- Born: Brownlee Owen Currey Jr. August 14, 1928 Nashville, Tennessee, U.S.
- Died: March 18, 2020 (aged 91) Nashville, Tennessee, U.S.
- Occupation: Businessman
- Spouse: Agneta Currey
- Children: Christian Brownlee Currey Stephanie Currey Ingram and Frances Currey Briggs
- Parent: Brownlee O. Currey
- Relatives: John R. Ingram (son-in-law)

= Brownlee O. Currey Jr. =

American businessman (1928–2020)

Brownlee Owen Currey Jr. (August 14, 1928 – March 18, 2020) was an American businessman and philanthropist.

==Early life==
Currey was born in Nashville on August 14, 1928. Currey's father, Brownlee O. Currey, was the owner of the conservative newspaper Nashville Banner.

==Career==
Currey co-founded Equitable Securities with his father, Brownlee O. Currey.
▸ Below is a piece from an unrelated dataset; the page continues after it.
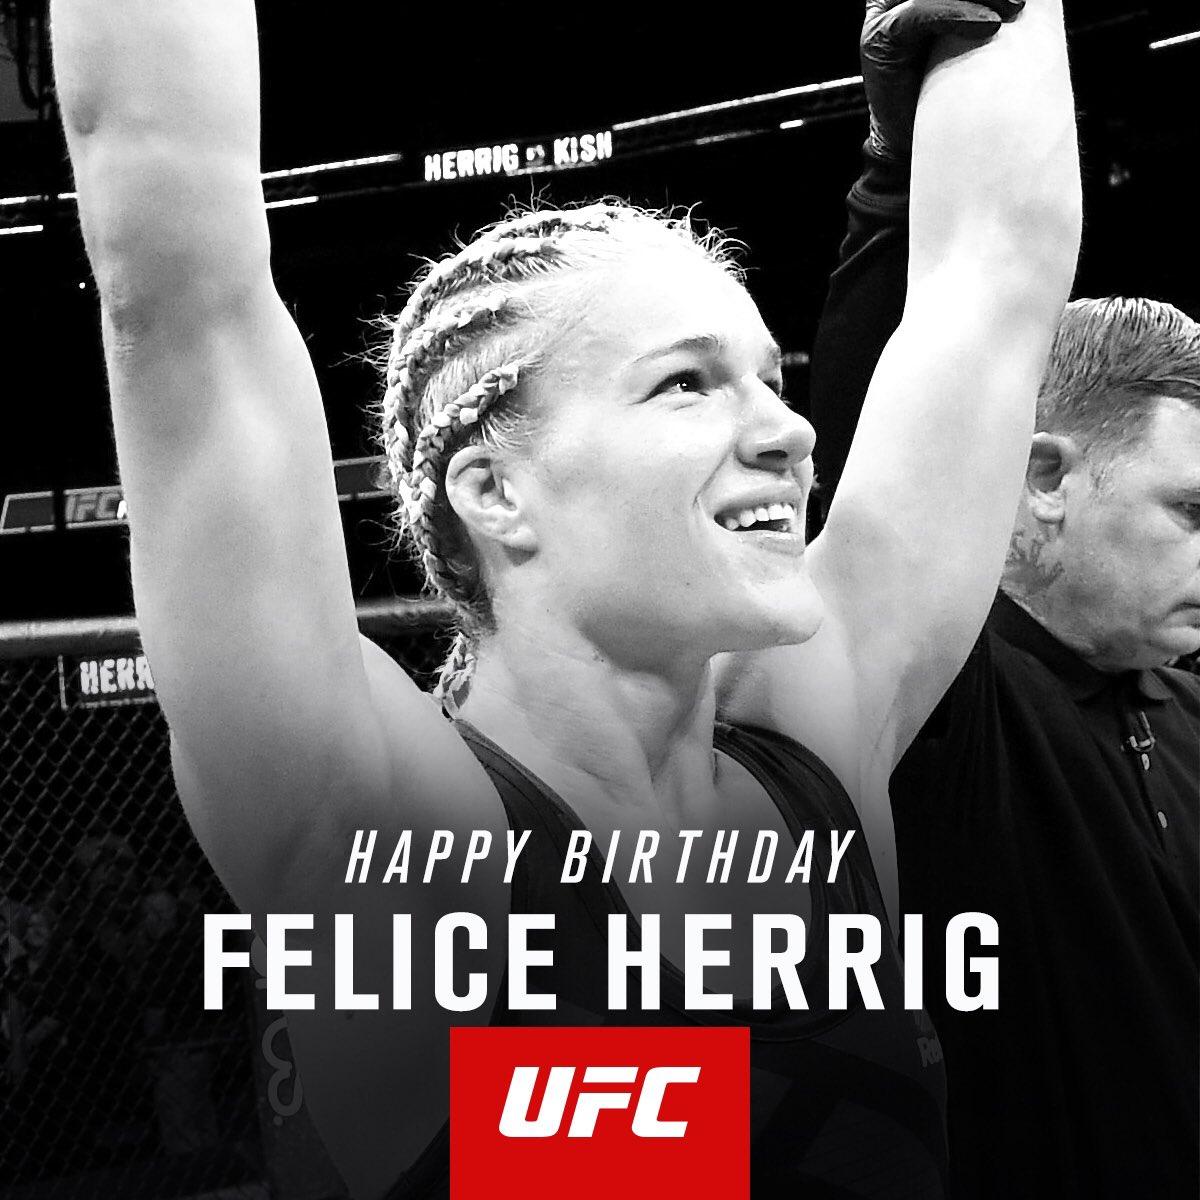 Happy Birthday to @FeliceHerrig! #UFC218 https://t.co/nBXLbWlC1k

In 1967, it merged with American Express, and he received a sizeable stock portfolio in the company. In 1979, he bought the Nashville Banner from the Gannett Company, and sold it back to them in 1998, for an additional $25 million. He sat on the Board of Directors of Thomas Nelson, where he held a $2.3 million stake. He served as President of Currey Investments. He served as Chairman of the Board of OCC, Inc., the Star Communications's principal subsidiary, since 1989.

==Philanthropy==
Currey's donations have helped build Montgomery Bell Academy's Currey Gymnasium, Vanderbilt University's Brownlee O. Currey Jr. Tennis Center, and the Currey Ingram Academy in Williamson County, Tennessee. He served as Chairman of the Board of Trustees of the United States Equestrian Team and as a Trustee of the Phelps Media Group, a public relations and marketing firm dedicated to the equestrian industry. He also sat on the Board of Trustees of the National Foundation for Facial Reconstruction, the International Tennis Hall of Fame, and Vanderbilt University. Professor Richard L. Daft is the Brownlee O. Currey Jr. Professor of Management at Vanderbilt, as is Professor Bruce Barry. The Brownlee O. Currey Jr. Gallery at the Watkins College of Art, Design & Film in Nashville is named in his honor.

==Personal life==
Currey was married to Agneta Currey. They had a son, Christian Brownlee Currey, and two daughters, Stephanie Currey Ingram (married to John R. Ingram) and Frances Currey Briggs. They owned River Circle Farm in Williamson County, a 300-plus-acre property around the Harpeth River. They also owned a home in Manhattan, Southampton, New York and Wellington, Florida. He was an avid tennis player. In 2002, he was named the tenth richest person in Middle Tennessee. He died on March 18, 2020, aged 91.